The Personalist Project

Interview with the Katholieke Niewsblad

A couple of weeks ago I was contacted by a reporter from a Dutch Catholic newspaper about the upcoming ToB conference in Rolduc. She'd seen the list of speakers and topics and was particularly interested in mine. She asked if she could interview me about it. With some trepidation, since my talk isn't finished and I know it's easy to cause misunderstandings by over or under-emphasizing various aspects of such a complex problem, I agreed. She encouraged me to be expansive, so I was, though I still inevitably left out a lot of what can and should be said about clericalism and its remedies.

In my talk, for instance, I mean to incorporate fuller references to ToB and to offer more in the way of hopeful solutions for the future.

The reporter translated my answers to her questions in no time flat. The article was published in Dutch this week. I thought it would be good to publish the whole thing in English too, for those who may be interested.
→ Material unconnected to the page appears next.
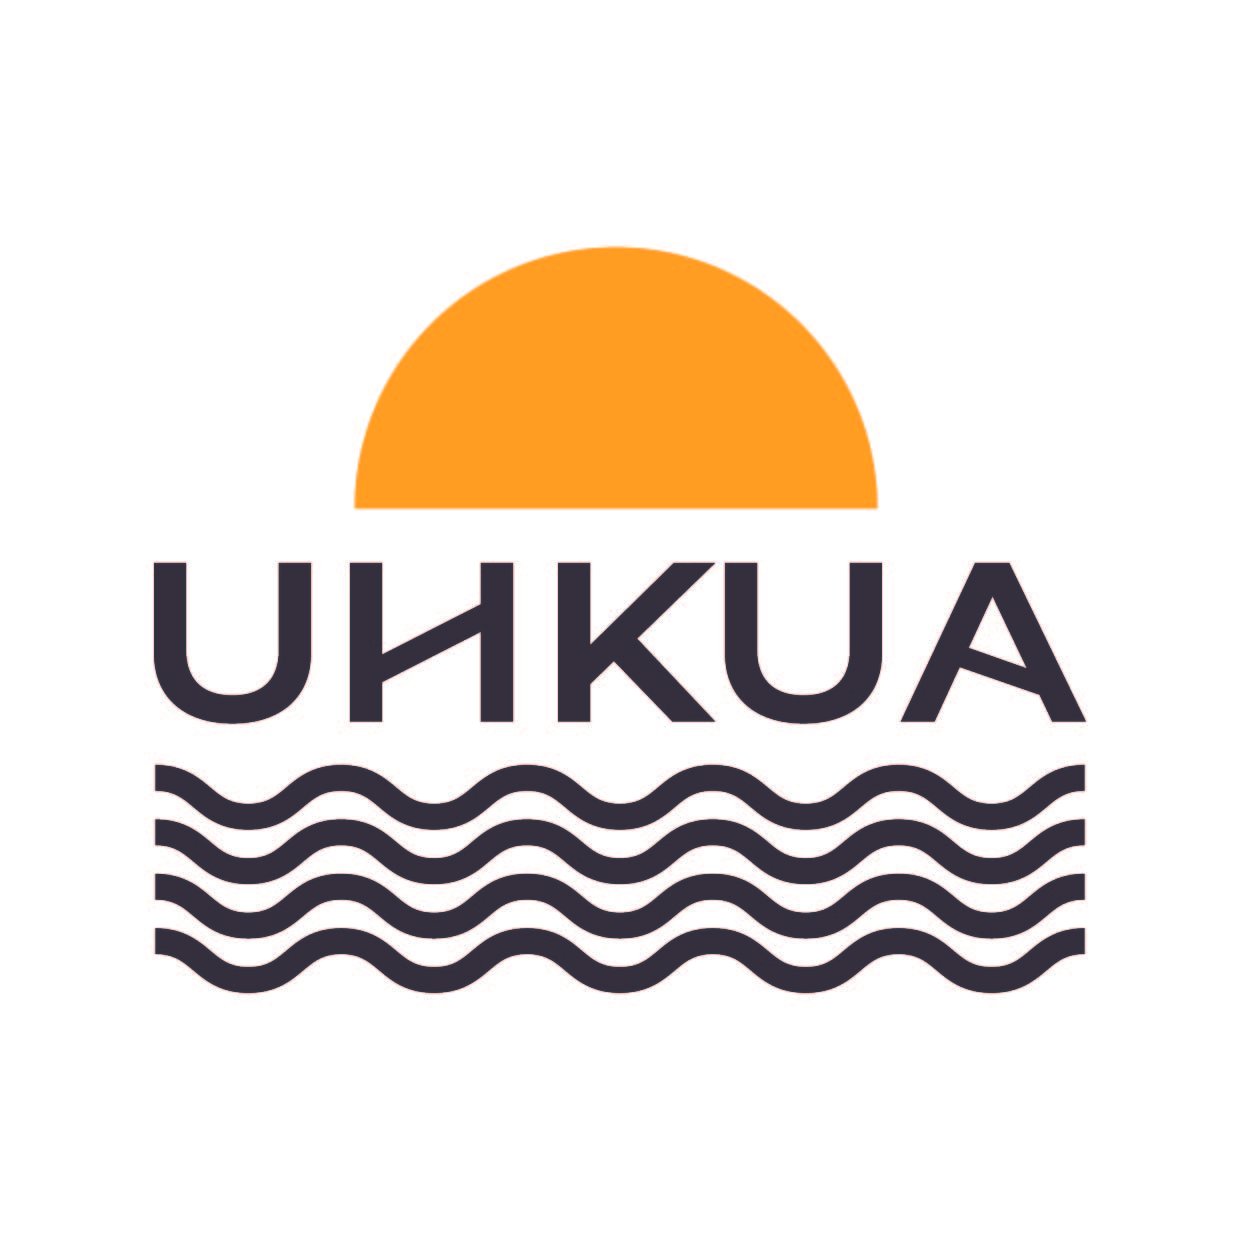 Uhkua logo square.jpg

Here it is. I'll put her questions in bold and italics.

KN: You are going to speak at the Theology of the Body conference, can you explain to the readers what is theology of the body?

Me: ToB is a collection of reflections given by John Paul II at his Wednesday audiences from 1979 to 1984 on the topic of human sexuality and its place in God’s plan of salvation. On one level, it was meant to offer the deep theological and anthropological rationale behind the Church’s teaching against artificial birth control in Humanae Vitae. More broadly and significantly, though, it can be seen as the late Pope’s profound and comprehensive answer to the major questions raised by modernity.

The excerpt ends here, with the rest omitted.